We conclude, however, that the error in admitting complainant’s statement into evidence was harmless in view of the overwhelming proof of guilt against the defendant (see, People v Crimmins, 36 NY2d 230). While the complainant’s identification of the defendant was less than absolute, the defendant did confess to being involved in the conspiracy to kidnap the complainant and to burglarize his jewelry store. Moreover, the defendant admitted that he had arranged for the motel room and that he was present at the train station when the complainant first observed him. Although the defendant claimed that he left the motel before the "trouble started”, the issue of whether the defendant in fact remained at the motel was an issue of fact for the jury to determine.

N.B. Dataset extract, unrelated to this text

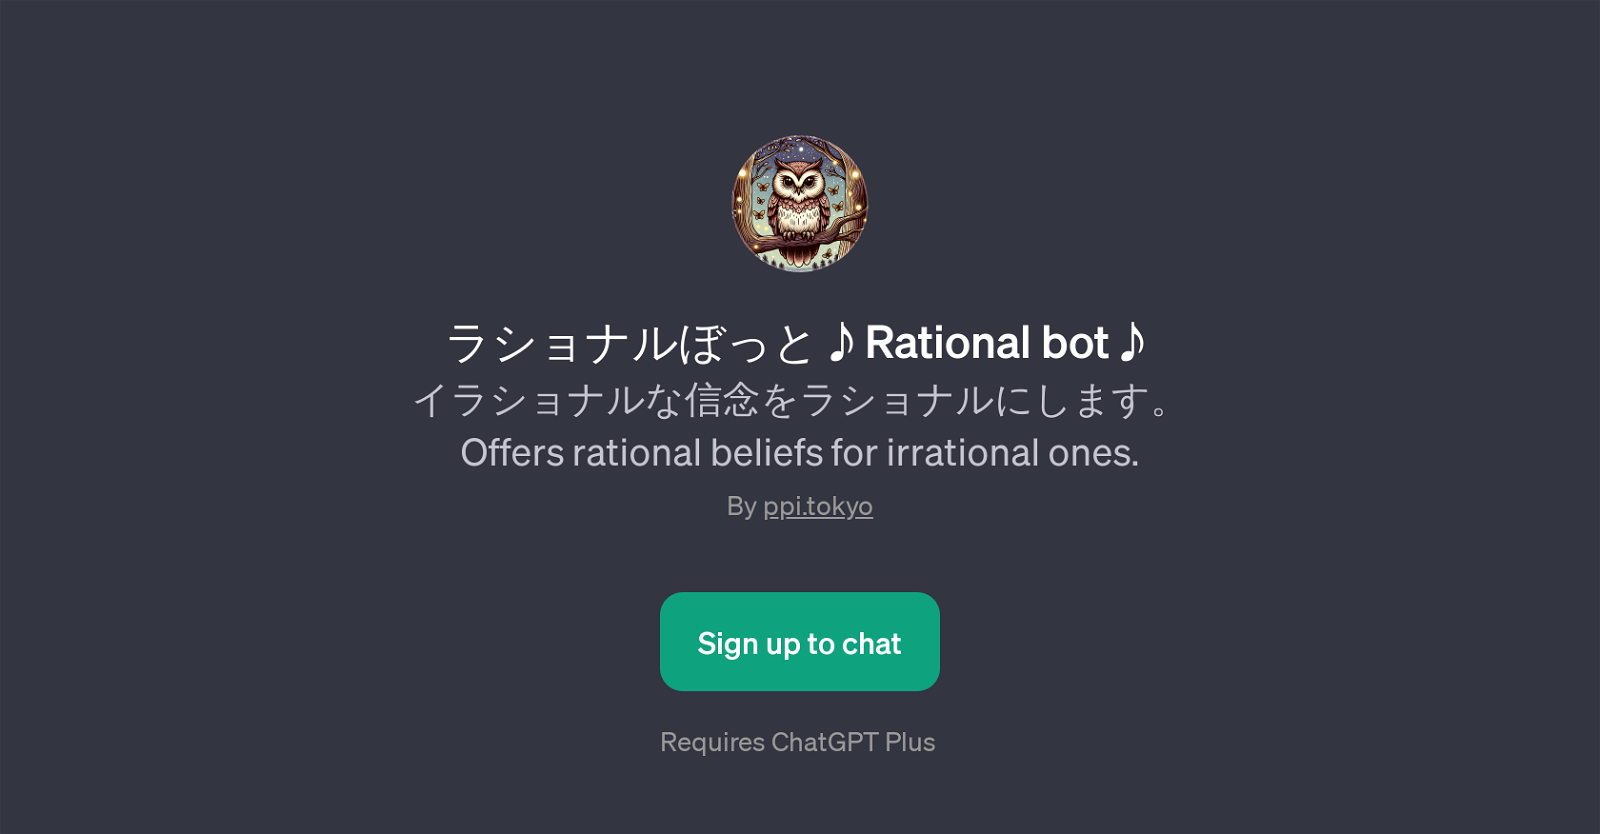 Rational bot website

Based on our review of the record, we find no basis upon which to disturb the jury’s determination (see, CPL 470.15 [5]; People v Gaimari, 176 NY 84, 94; People v Garafolo, 44 AD2d 86, 88). In light of this strong evidence of guilt against the defendant, we conclude that there is no reasonable possibility that the defendant would have been acquitted but for the erroneous evidentiary ruling.
We have examined the defendant’s remaining contentions and find them to be without merit. Mollen, P. J., Rubin, Hooper and Sullivan, JJ., concur.